Annabelle was a parent to both Incrediball and Invincibelle Spirit
Forever & Ever hydrangeas bloom on new wood so if they die back to the ground, they will return to bloom again the next year.

Invincibelle Spirit is the first arborescens variety to produce pink flowers. It was developed by Dr. Tom Ranney who works at the Mountain Horticultural Center at North Carolina State University, and a then-graduate student, Richard Olsen.

Lacecap hydrangea Twist-n-Shout
While hiking through the Blue Ridge one day, Mr. Olsen spied a pink lacecap hydrangea that became an important part of their hydrangea breeding program. The eventual result was a spectacular rebloomer that produces 8-inch bright pink flowers for four months or longer.

Doubilicious

These new varieties are just the beginning.

Today, nine years after Endless Summer arrived on the scene, you can find hydrangeas in tempting shades of white, cream, pink, blue, amethyst and red. And you'll find lacecap and oakleaf shapes as well as the familiar mophead.


Starting over with fresh, new faces

 Nikko Blues were showoffs in our Maryland garden
We didn’t know it at first but while we were living in Maryland, boaters going up and down our creek dubbed our place “the hydrangea house. ” It’s funny because I thought of it as a rose cottage, but from the water, they saw a solid hedge of blue blooms all across the back of our white Cape Cod from June through August.

I can’t take much credit for the display because we inherited most of the bushes. They weren’t anything special – mostly the old fashioned Nikko Blue. But despite bitter winter winds and summer droughts, they were always spectacular.

Forever & Ever Red
When we moved to the mountains we brought some of the Nikko cuttings with us and also added the original Endless Summer along with Forever & Ever Red and Fantasia.

The first year I wondered if we’d made a mistake with the newer plants. The Nikko cuttings took off like crazy but every afternoon I could hear the blooms of Endless Summer hitting the ground as they wilted in the afternoon sun.

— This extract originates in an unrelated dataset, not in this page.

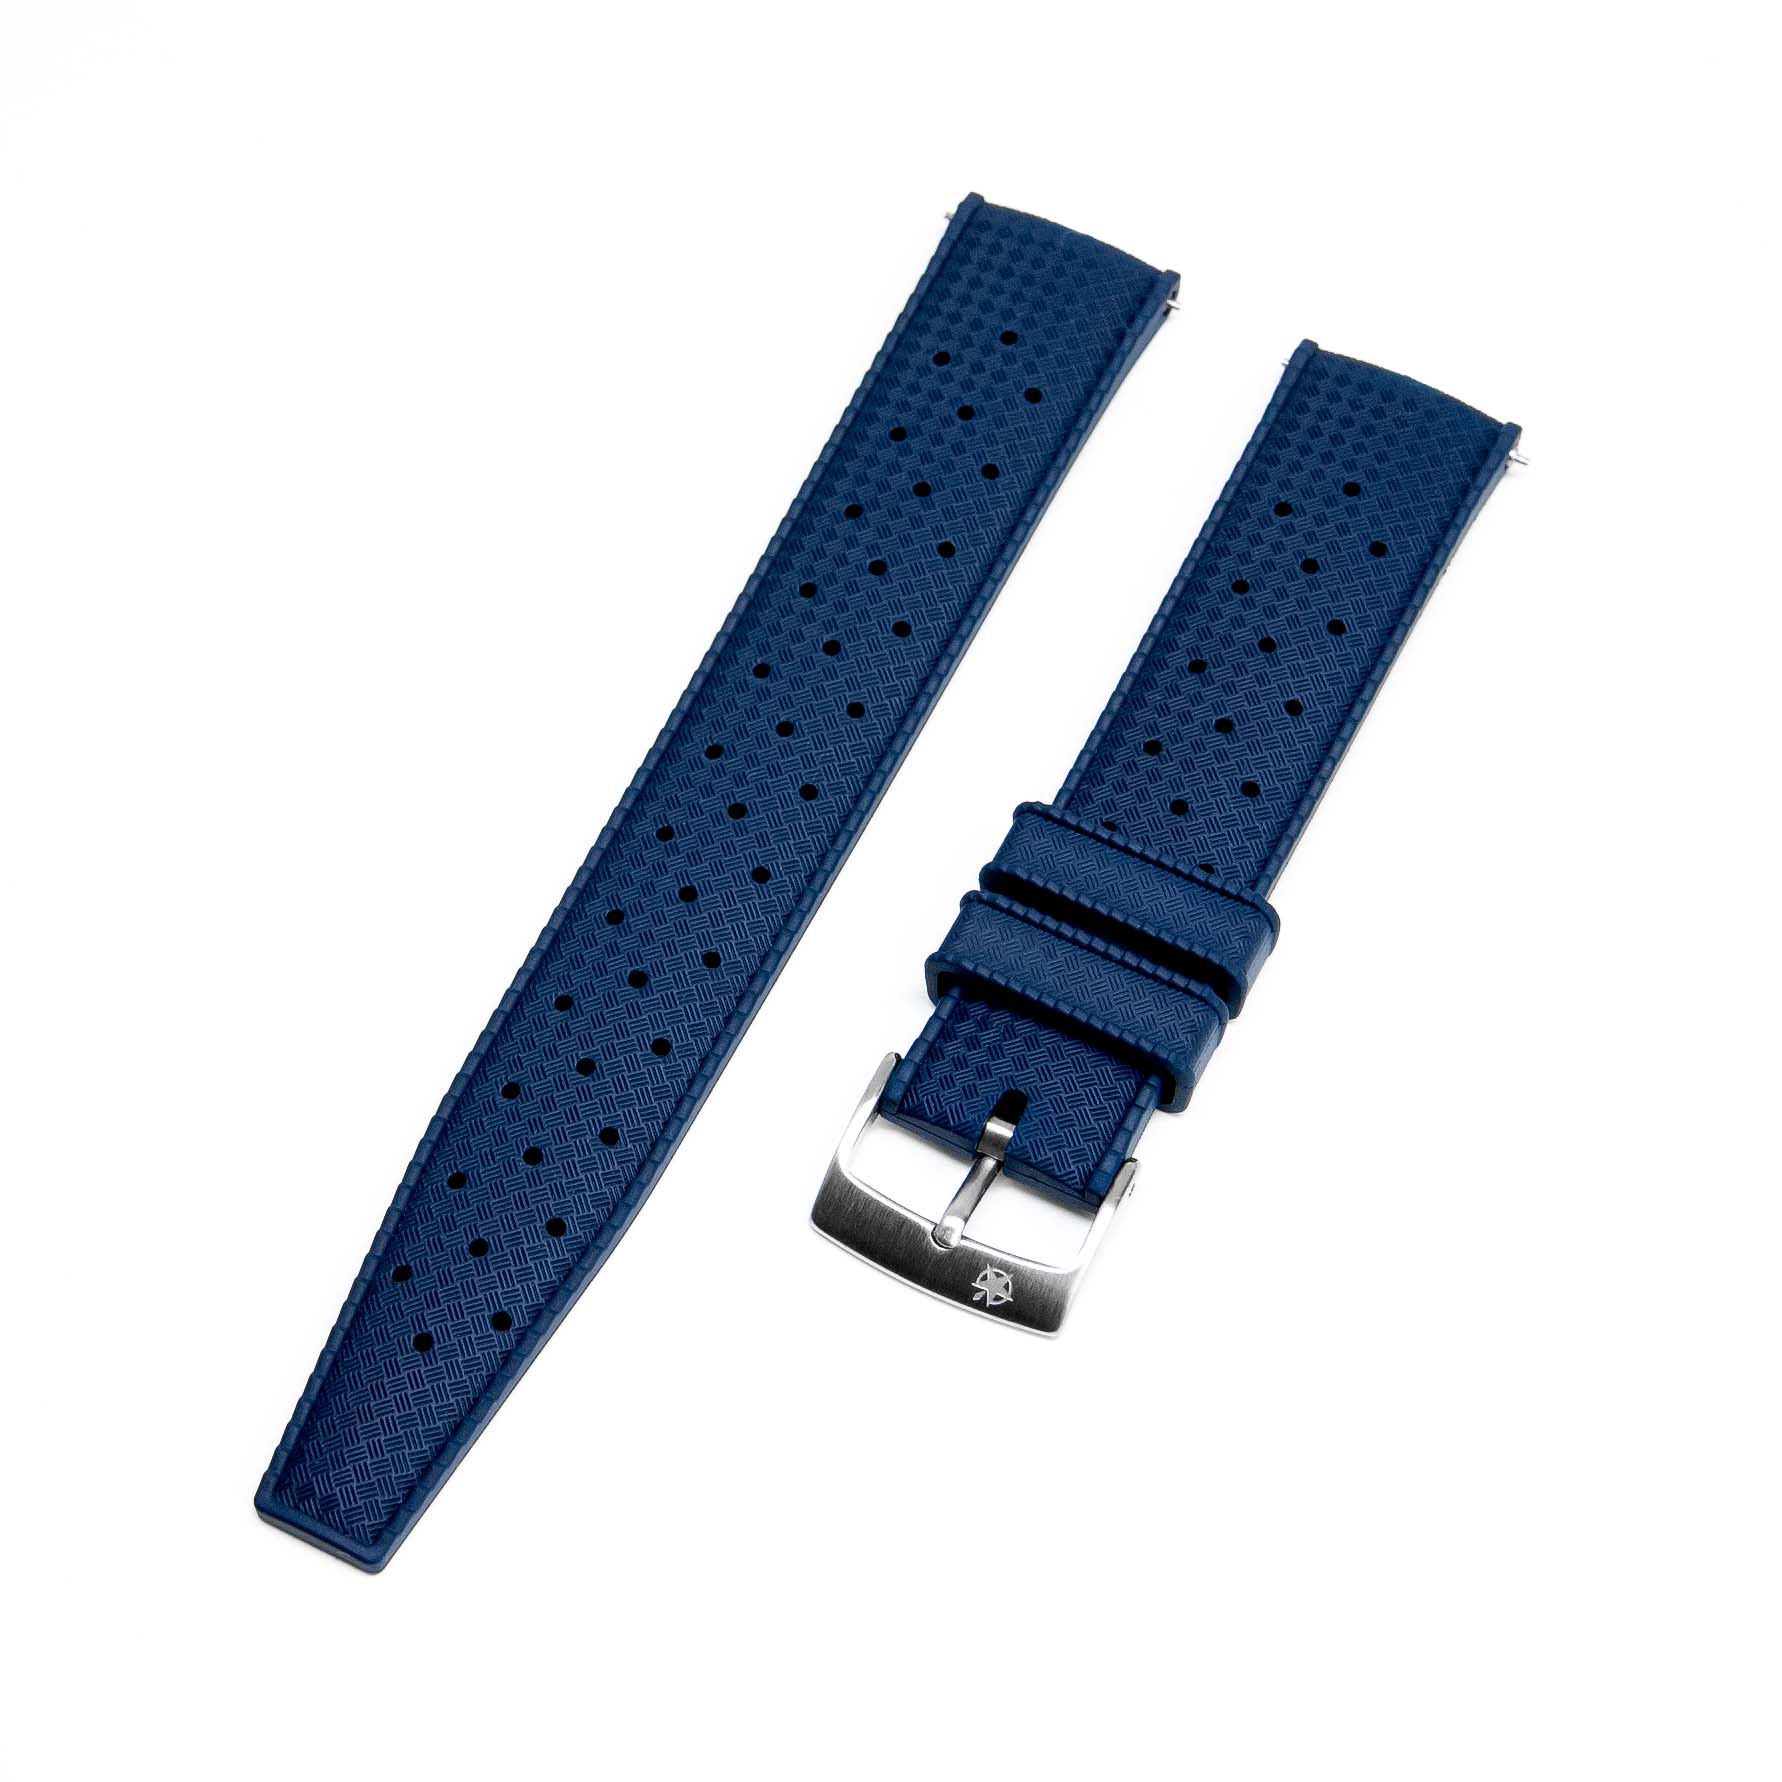 TROPIC RUBBER STRAP – BLUE
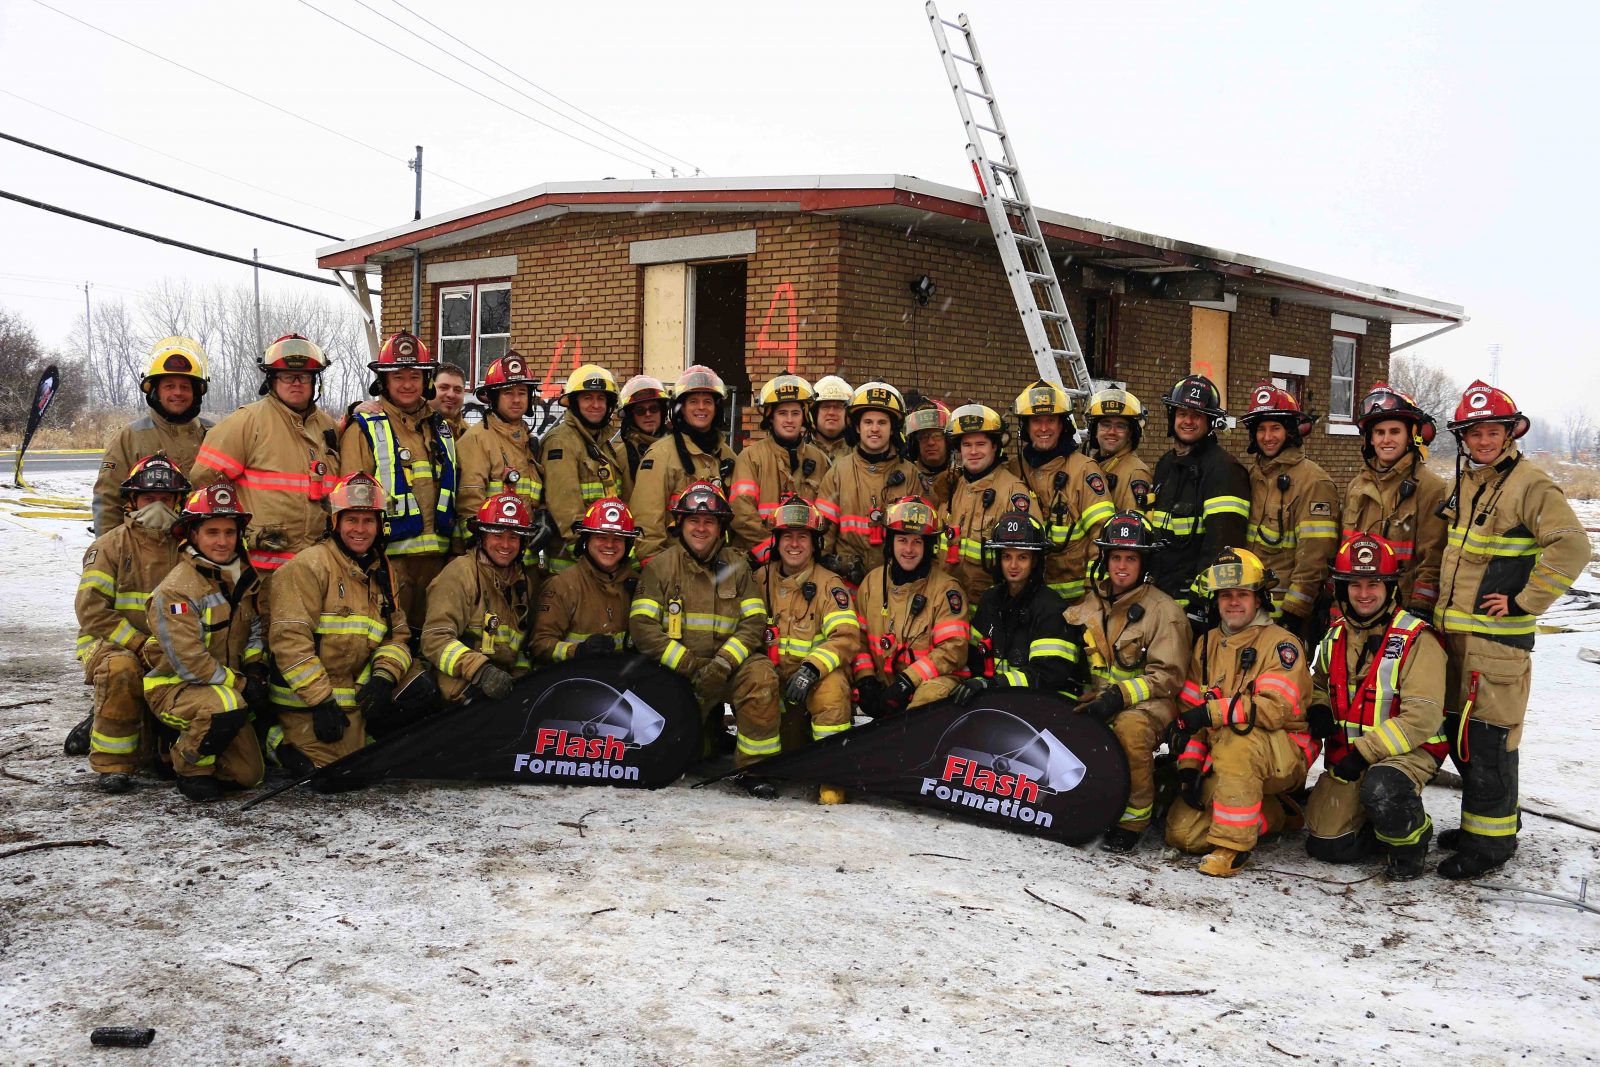 Les pompiers ont participé à un atelier unique de perfectionnement lors de mises de feu contrôlées de bâtiments

 This year has been a different story.

Yummy Vanilla Strawberry
The Endless Summers have tripled in size and are covered in showy blue powder puffs. Forever & Ever Red offers vivid color against dark green leaves and makes a great combination with the new Raspberry Dazzle dwarf crape myrtle.

I had a space available towards the back of the border and decided to try a variety other than mopheads. Vanilla Strawberry is a relative of the classic PeeGee hydrangea and grows to 7 feet in height with a spread of 4-5 feet.

It is said to deliver a summer-long parade of huge flower heads that change from white to pink to strawberry red, sometimes with all three shades showing off on the plant at once.

It sounds like it's going to be a refreshing summer sorbet.

My grandmother would've thought it was delicious.